_WORK REQUEST_: Take the data below and write it out exactly, except for the pictures.

_DATA SHOWN_:
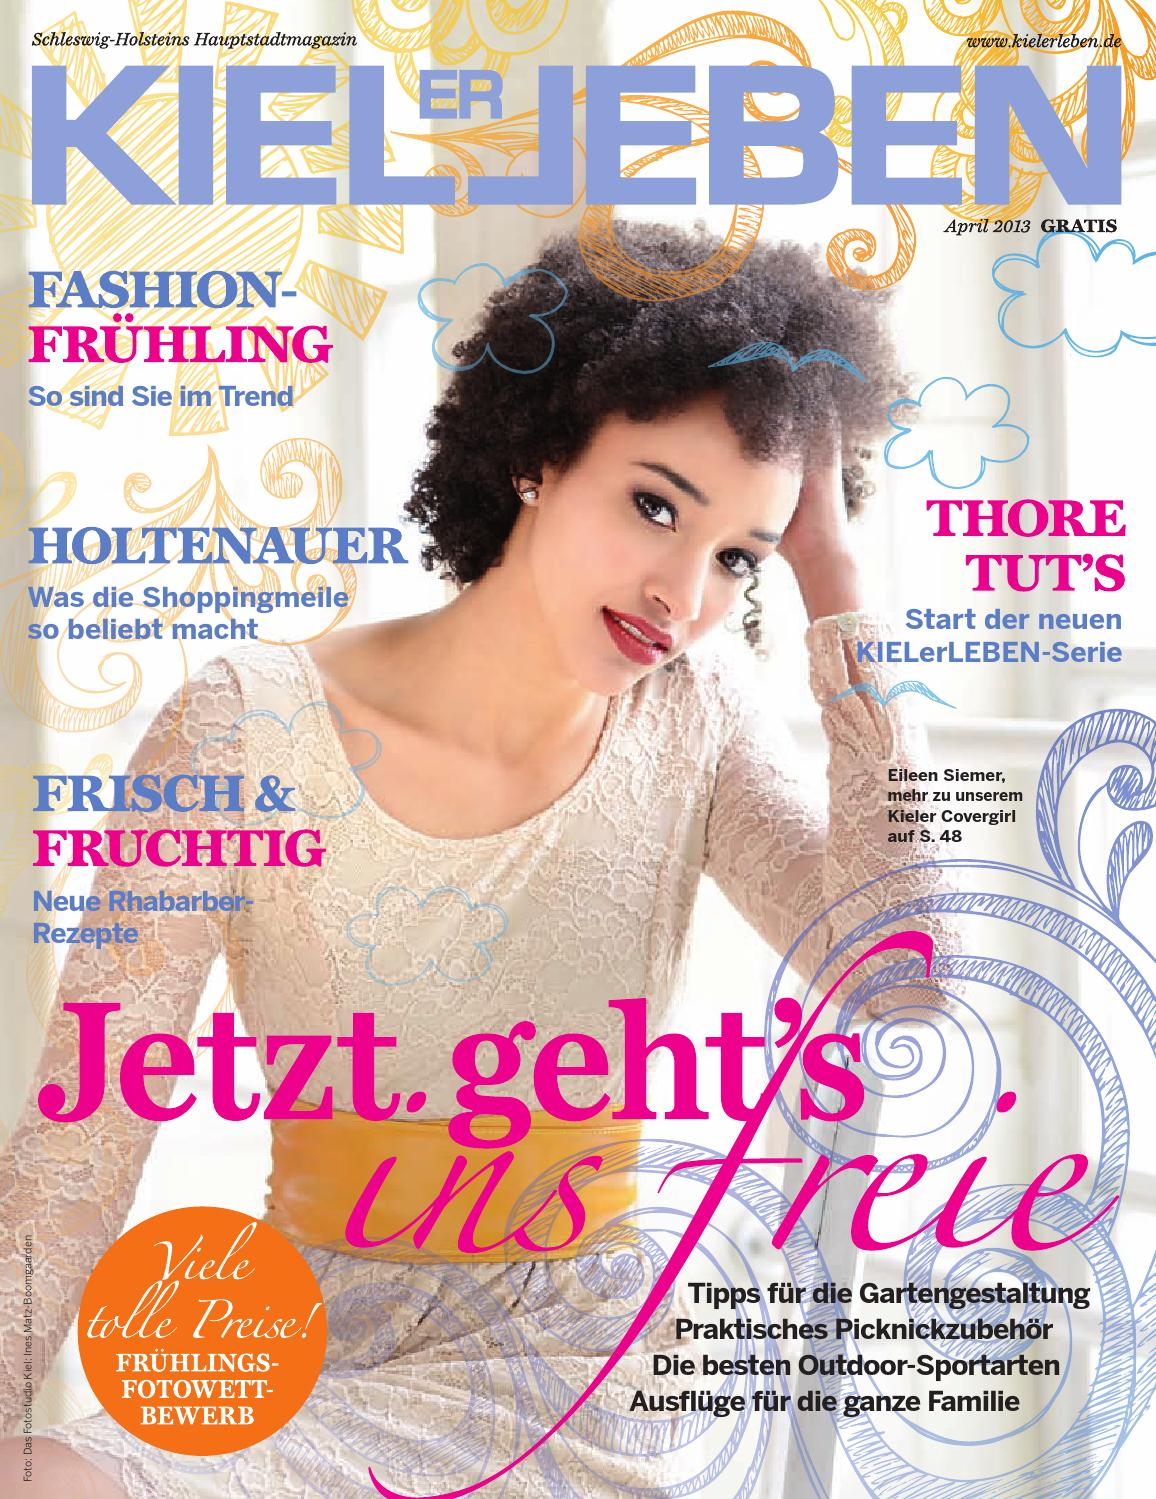 KIELerLEBEN 042013 by falkemedia GmbH & Co. KG issuu
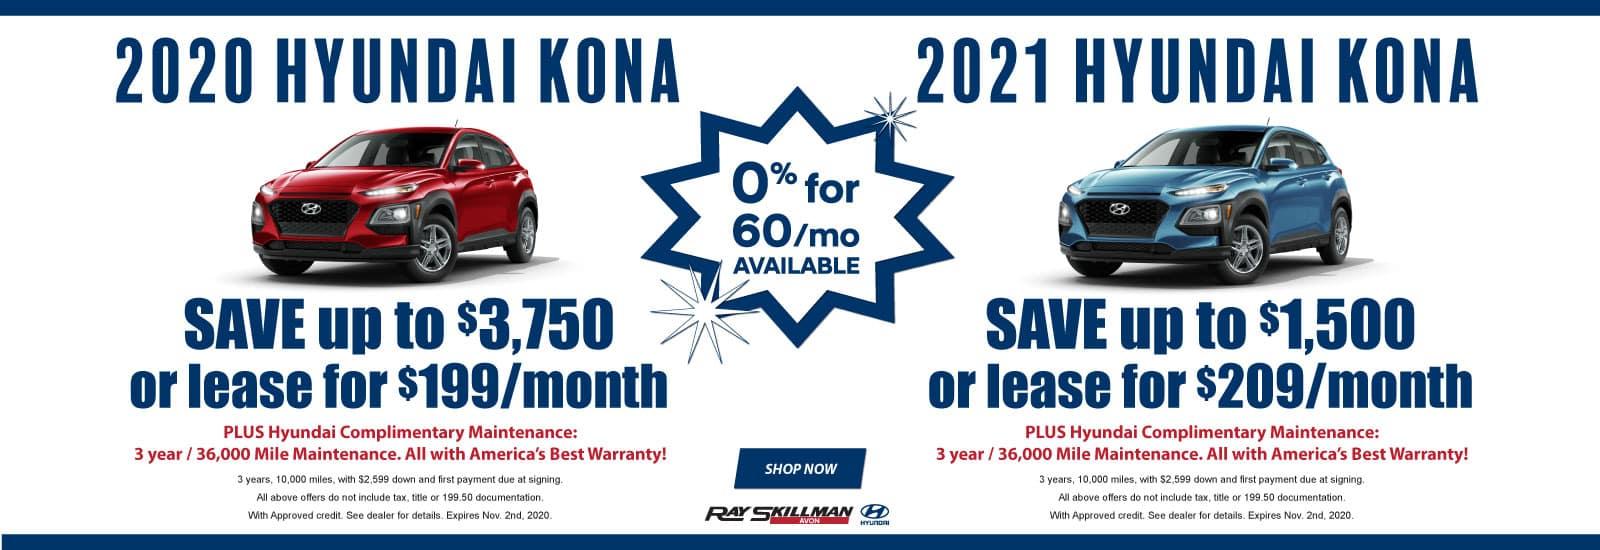 2020-&-2021-Hyundai-Kona-Web-Banner-1600×500
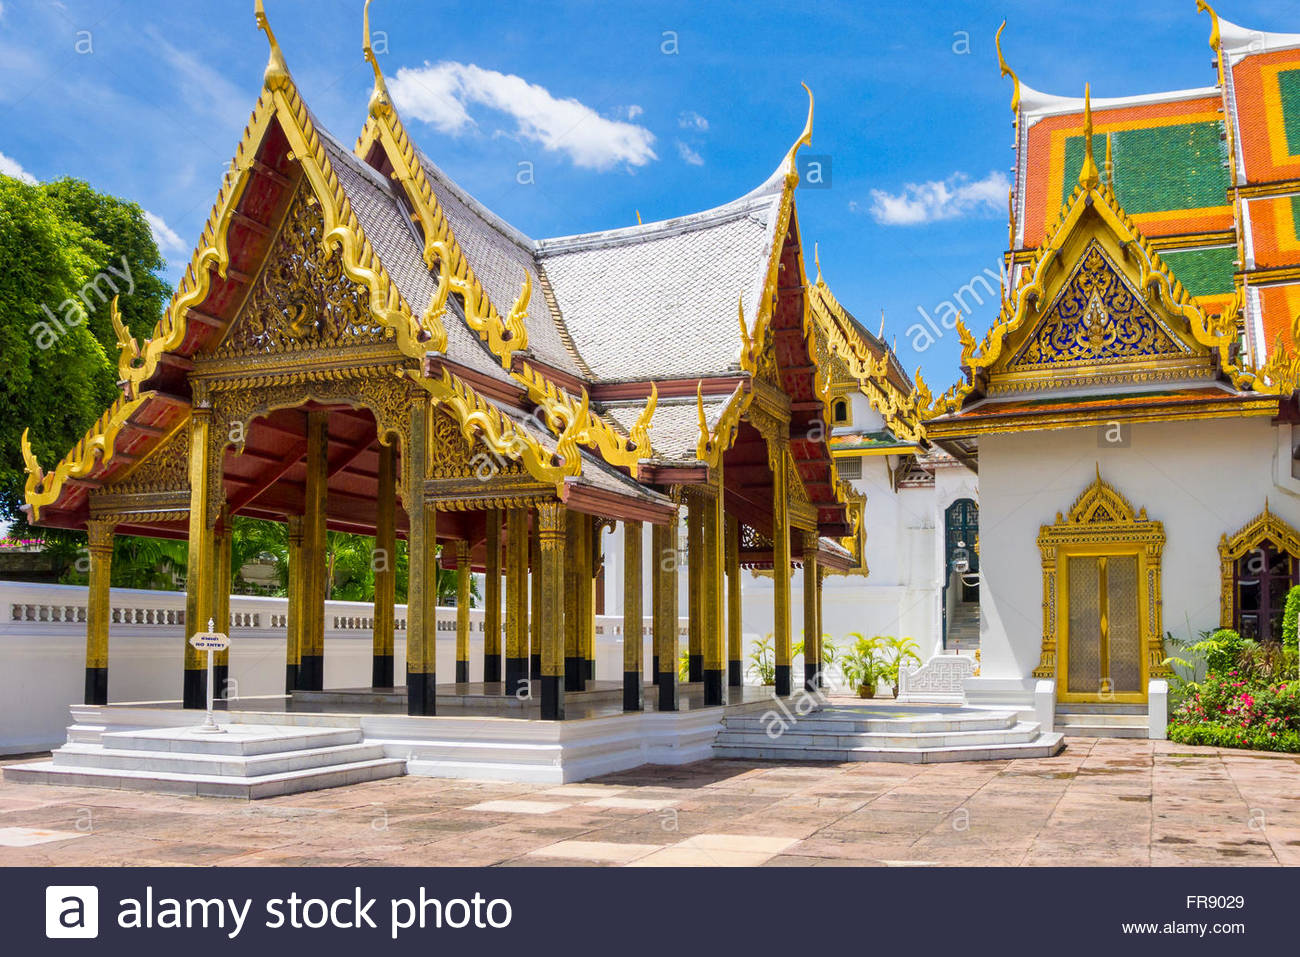 Phra Thinang Racharuedee pavilion and Phra Thinang Amarin Winitchai throne hall, Grand Palace complex, Bangkok, - Stock Image

_SOLUTION FOR THIS PROBLEM_:
 KIELerLEBEN 042013 by falkemedia GmbH & Co. KG issuu
 2020-&-2021-Hyundai-Kona-Web-Banner-1600×500
 Phra Thinang Racharuedee pavilion and Phra Thinang Amarin Winitchai throne hall, Grand Palace complex, Bangkok, - Stock Image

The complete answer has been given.